In both cases, we would have $k \to 1$ as $N \to \infty$.

 

[haruspex]

I do apologise, I have taken you the wrong way.

Just realised there should have been a caveat where you cancelled $D_{AB}$ in post #1. If k=1 then $D_{AB}=0$, so N=0 is the only solution for k=1.
To take the limit, the substitution for k should have been $k=\sqrt 2-1+\epsilon$ (Doh!).
This leads to $-2\sqrt 2\epsilon=(\sqrt 2-1)^N(1+\frac{N\epsilon}{\sqrt 2-1})$, which gives the desired result.

 

[Meden Agan]

I do apologise, I have taken you the wrong way.

Just realised there should have been a caveat where you cancelled $D_{AB}$ in post #1. If k=1 then $D_{AB}=0$, so N=0 is the only solution for k=1.
To take the limit, the substitution for k should have been $k=\sqrt 2-1+\epsilon$ (Doh!).
This leads to $-2\sqrt 2\epsilon=(\sqrt 2-1)^N(1+\frac{N\epsilon}{\sqrt 2-1})$, which gives the desired result.

Mhm. How can we guess $k = \sqrt 2 - 1 + \varepsilon$? Seems we need to know in advance the result is $k= \sqrt 2 - 1$...

 

[haruspex]

Mhm. How can we guess $k = \sqrt 2 - 1 + \varepsilon$? Seems we need to know in advance the result is $k= \sqrt 2 - 1$...

Your original approach strongly suggested that limiting value, it just wasn't a valid proof.

 

[PeroK]

Mhm. How can we guess $k = \sqrt 2 - 1 + \varepsilon$? Seems we need to know in advance the result is $k= \sqrt 2 - 1$...

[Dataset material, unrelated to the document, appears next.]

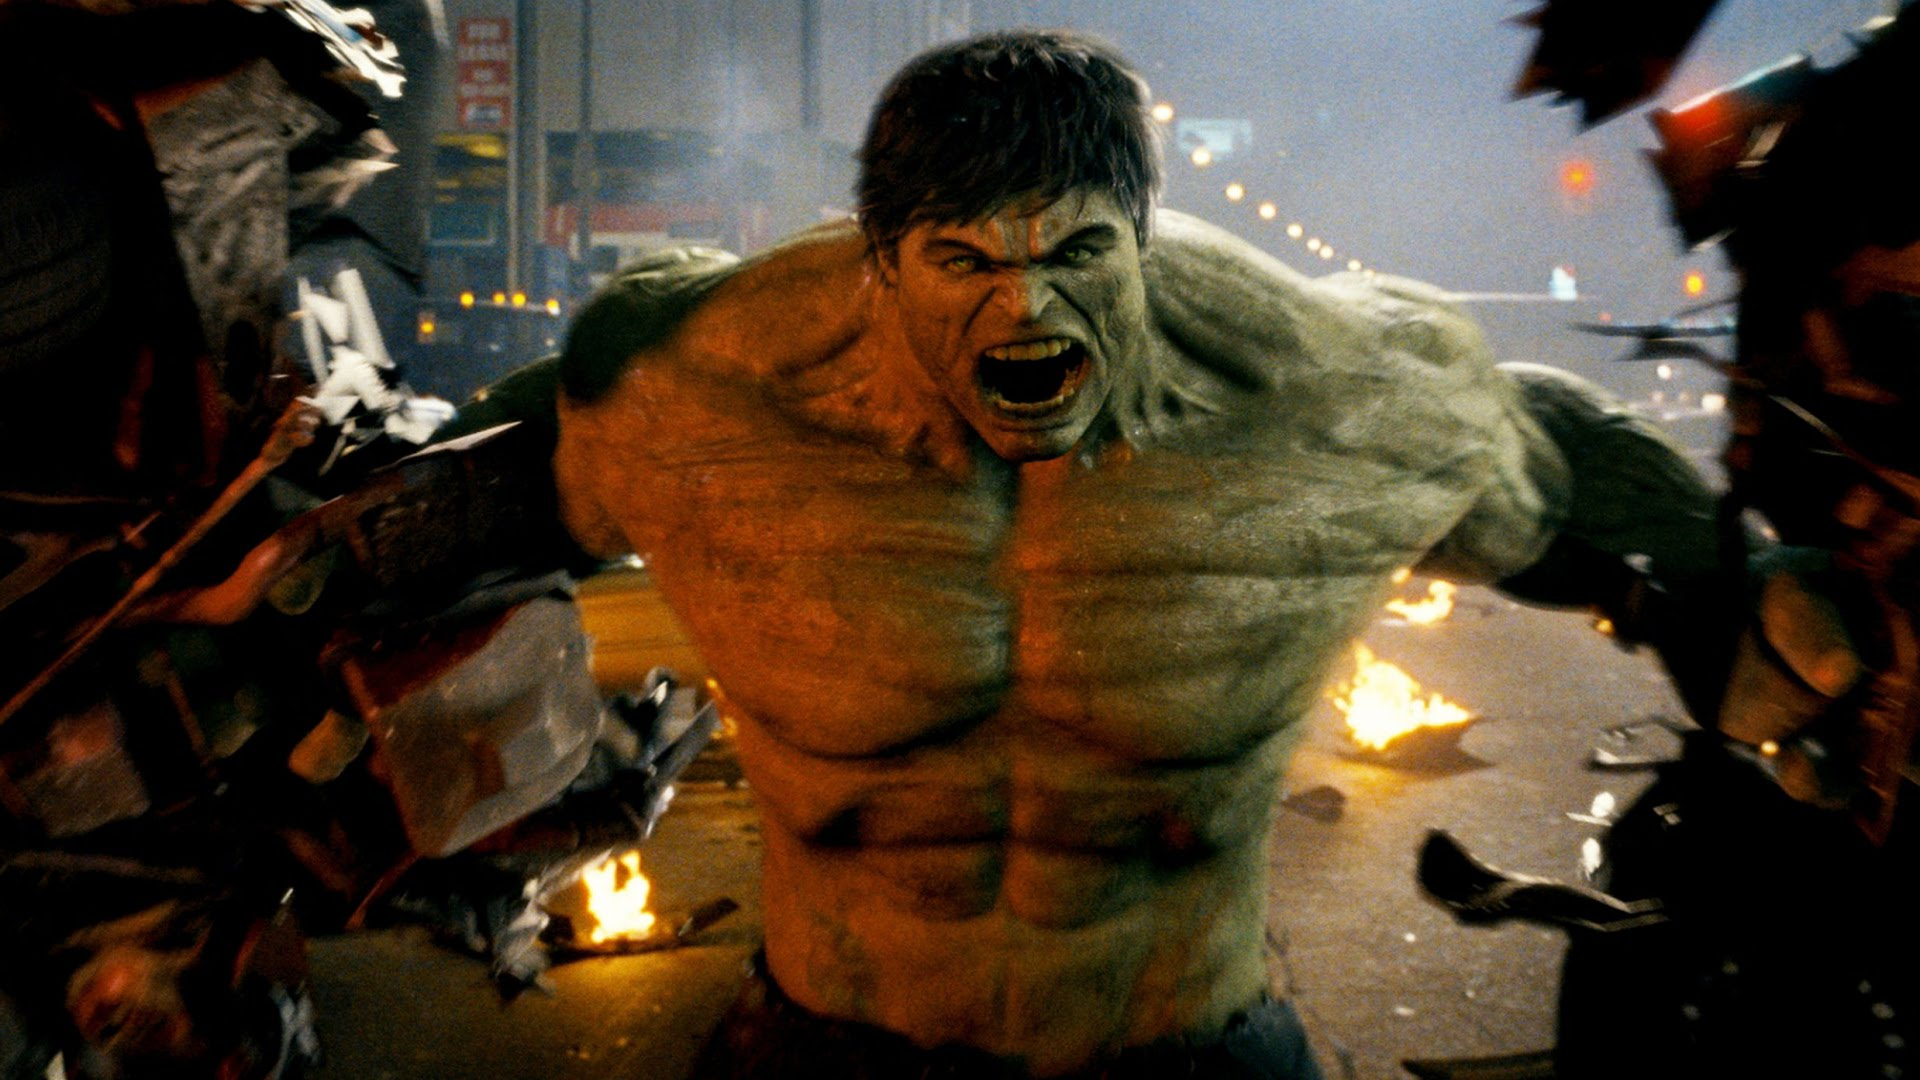 Edward Norton Calls Out Marvel For Bad Incredible Hulk Script

For $N > 1$ the two functions intersect at a point greater than $\sqrt 2 -1$. You do know that is the positive zero of the quadratic. They also intersect at $k=1$.

For large $N$ the power function converges pointwise to zero. The sequence of intersection points as N increases must have arbitrarily small function vales, hence must converge to the zero of the quadratic.

You could do an explicit epsilon-based argument if you wanted, but that's the outline.